The Consumer Does Not Care About Brand Heritage
Our consumer research revealed an inconvenient truth for European OEMs already in 2018: globally, about one-third of consumers were undecided whether to trust traditional automakers or digital pioneers for autonomous driving. In China, 30 percent of respondents trusted Baidu most — more than any established car brand.
The findings also shattered the assumption that consumers are emotionally attached to car ownership. When robotaxis were priced competitively — approximately 20 percent above public transport — 29 percent of respondents across all regions preferred them as their primary commuting mode. Among young urban singles, 76 percent could imagine giving up their car entirely once robotaxi services were widely available and reliable.

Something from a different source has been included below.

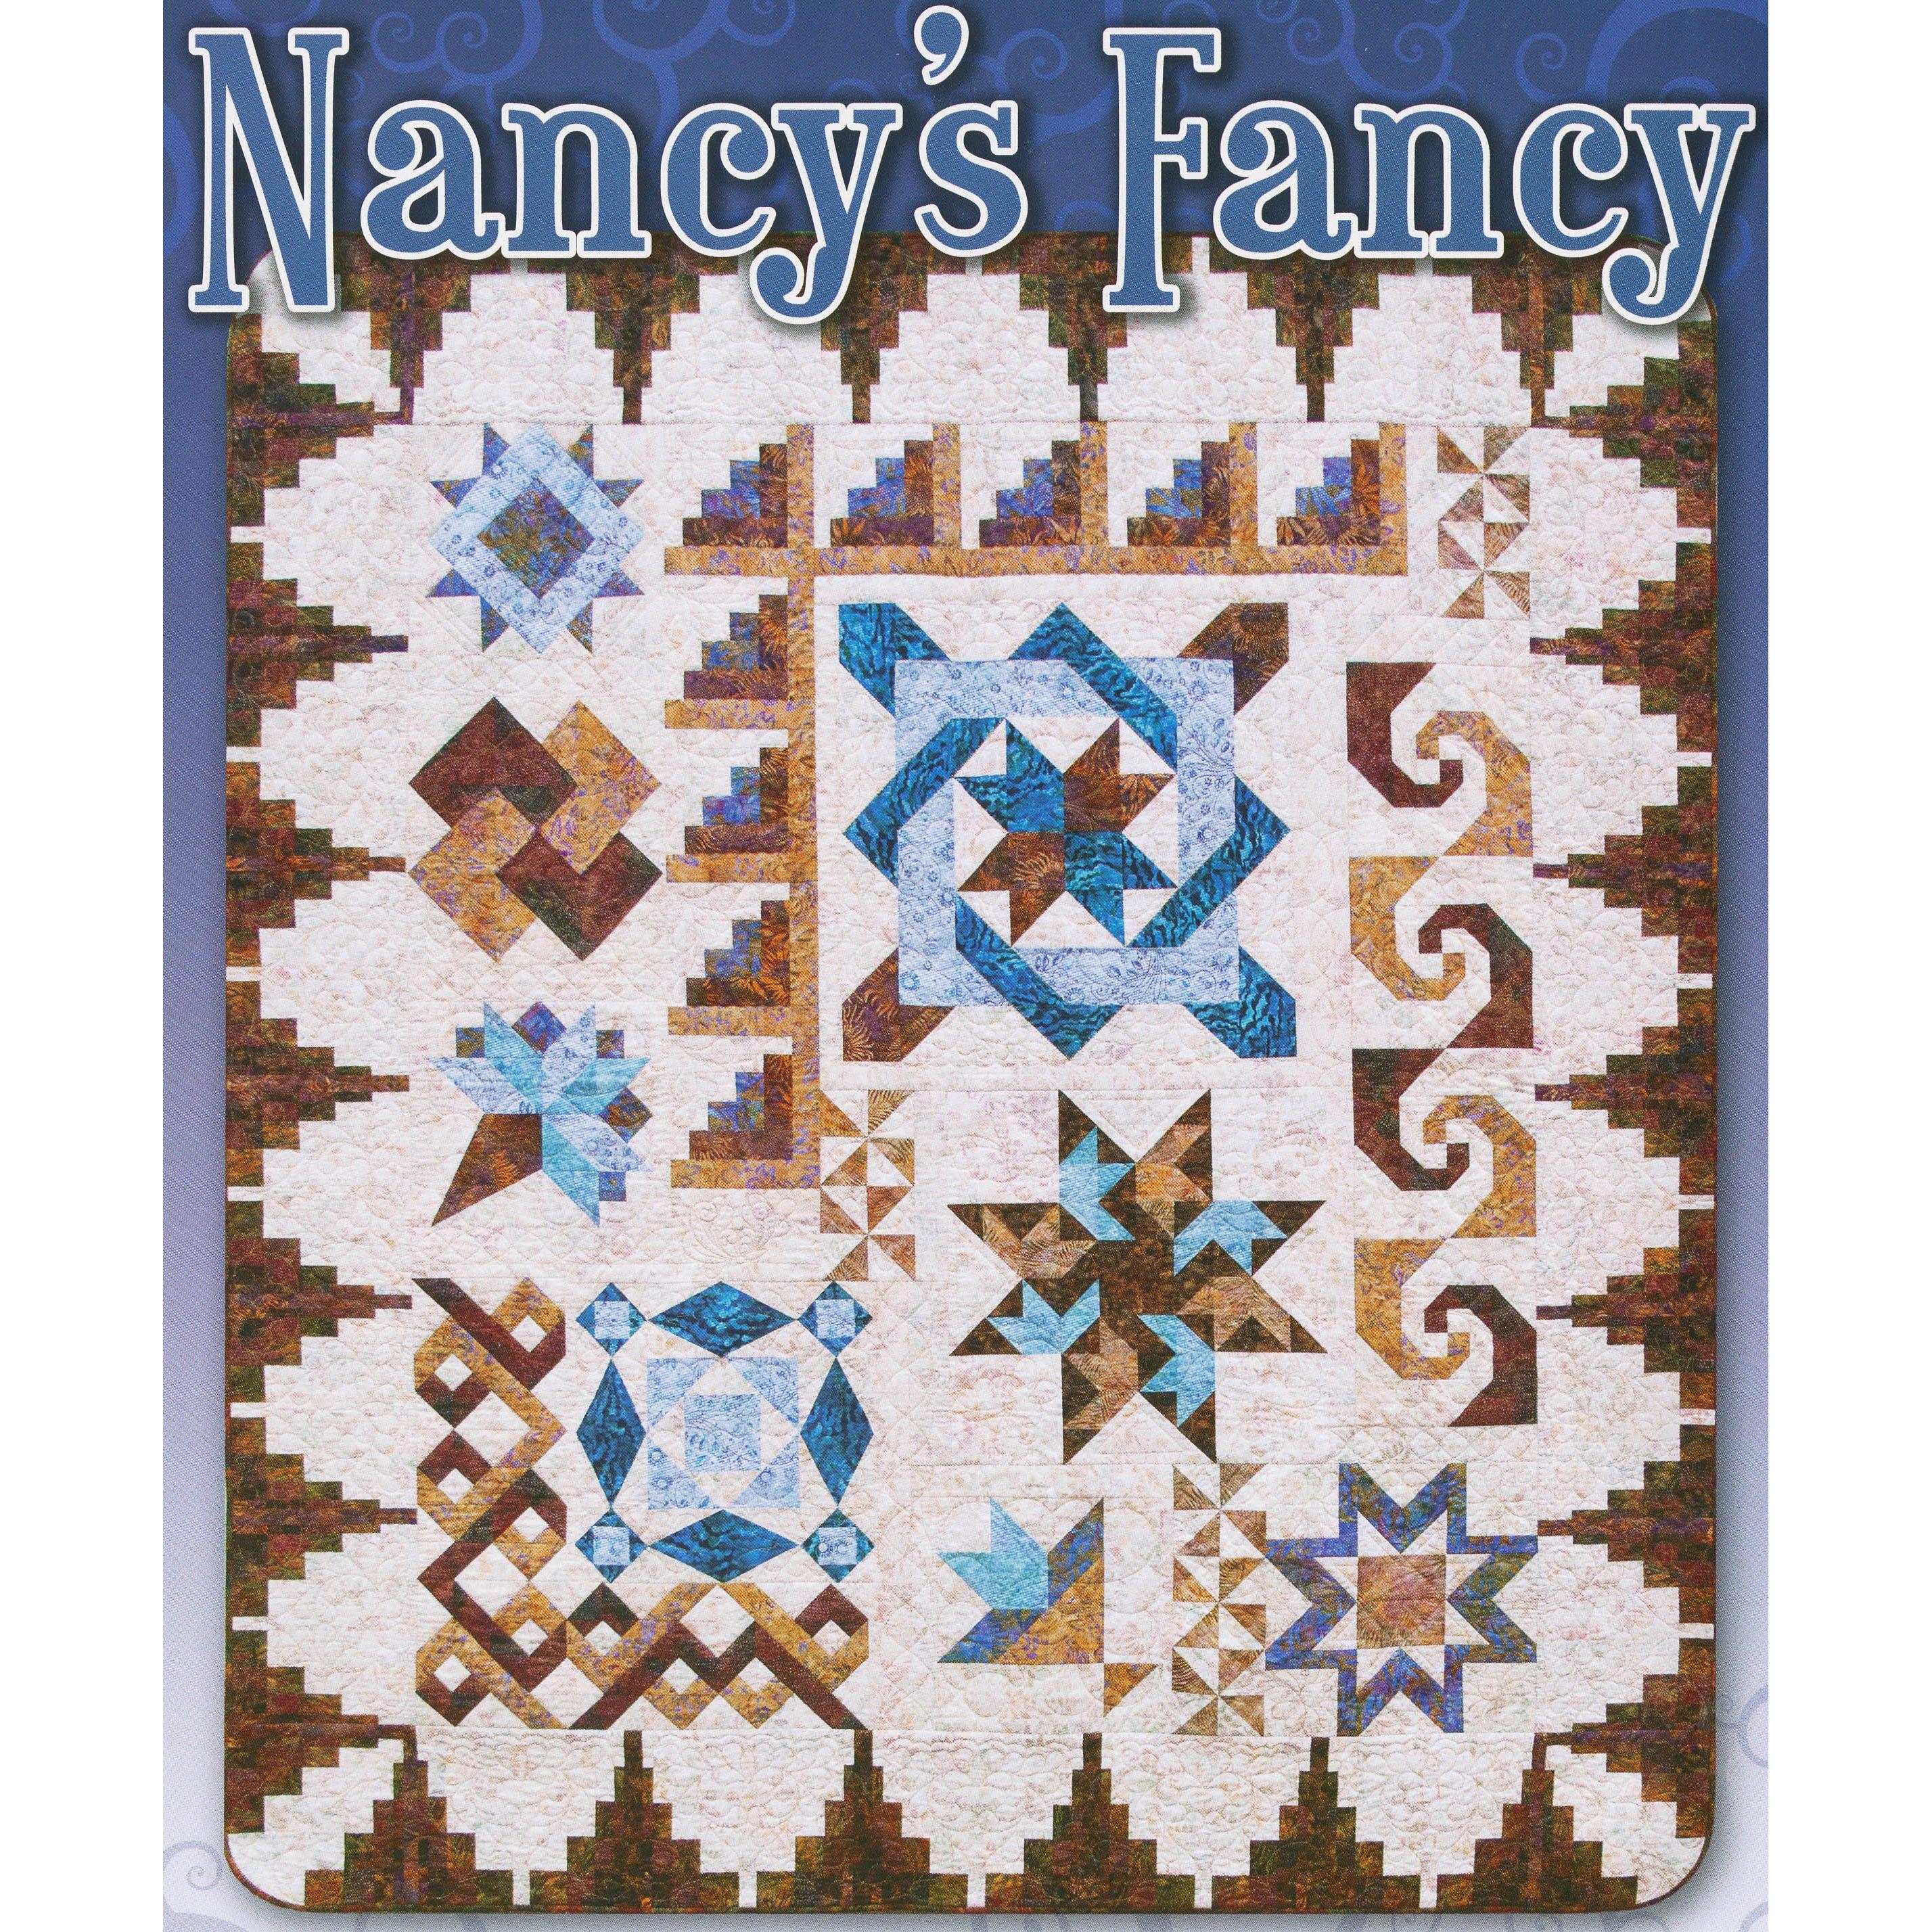 Nancy's Fancy Quilt

For European OEMs, this means the premium brand premium is eroding in mobility services. Nobody chooses a robotaxi because it carries a Mercedes star or a Volkswagen / Moia badge. They choose it because it arrives in three minutes, costs less than driving, and provides a comfortable ride. Price, availability and service quality trump brand heritage.
What Winning Looks Like: Six Principles for European Mobility Players
Based on nearly two decades of experience spanning OEM operations, strategy consulting and hands-on transformation work, I have distilled six principles that separate winning mobility strategies from expensive failures.
1. Understand your consumer — deeply, qualitatively and quantitatively. Product and service concepts must be derived from rigorous consumer research, not boardroom assumptions. Our research showed that consumers want differentiated concepts: small, economical robotaxis for city rides, but spacious and comfortable vehicles with premium features for longer distances.
2. Design products and services right — from a zero baseline. Products and services must generate superior customer experience based. Leverage generated consumer insights and Co-Creation approaches to define concepts right. Applying Tesla’s “Five Principles” approach — making requirements less rigid, maximizing accountability, simplifying designs, accelerating cycles, and automating relentlessly to radically reduce costs and prices — is not optional for European players. It is existential.
3. Master price levels and cost structures. A 5-kilometer taxi ride costs €12 in Frankfurt and €3.40 in Shanghai. To compete with Chinese players expanding globally, European providers need cost reductions of 30 percent or more — through fundamental redesigns of products, processes and organizations.
4. Build seamless, multimodal mobility experiences. Over 77 percent of consumers confirmed that robotaxis provide added value when they enable a seamlessly integrated door-to-door mobility experience. The MaaS app must plan the entire journey through a single interface.
5. Secure access to leading ecosystems and platforms. Mercedes and BMW gave away their digital customer access to Lyft and Mercedes gave up its stake in Tesla that could have enabled access to Tesla’s FSD and robotaxi technology. The remaining European players must not repeat this mistake. Partnerships are key – to leading technology and ecosystem providers and within the mobility ecosystem.
6. Unlock advertising, commission and value-added service revenue. The robotaxi is not just a vehicle — it is a mobile advertising platform, a point of sale and a data collection device. Loyalty programs, sponsored pick-ups and personalized offers can substantially improve provider economics.
The Real Prize is Beyond China
The ultimate competitive advantage belongs to the players who master China’s ultra-competitive market and then bring that expertise to Europe. A company that can profitably operate robotaxis at Chinese price levels can dramatically undercut European incumbents in their home markets.
Chinese robotaxi companies are already forming partnerships with Western platforms. They are targeting the Middle East as a stepping stone to Europe. They bring scale, proven technology, government backing and a cost structure that no European player can currently match.
European mobility players face a binary choice: transform radically to compete on speed, cost and technology — or be reduced to sheet-metal providers for platforms that others control.
The clock is ticking. China is racing further ahead, and definitely not waiting.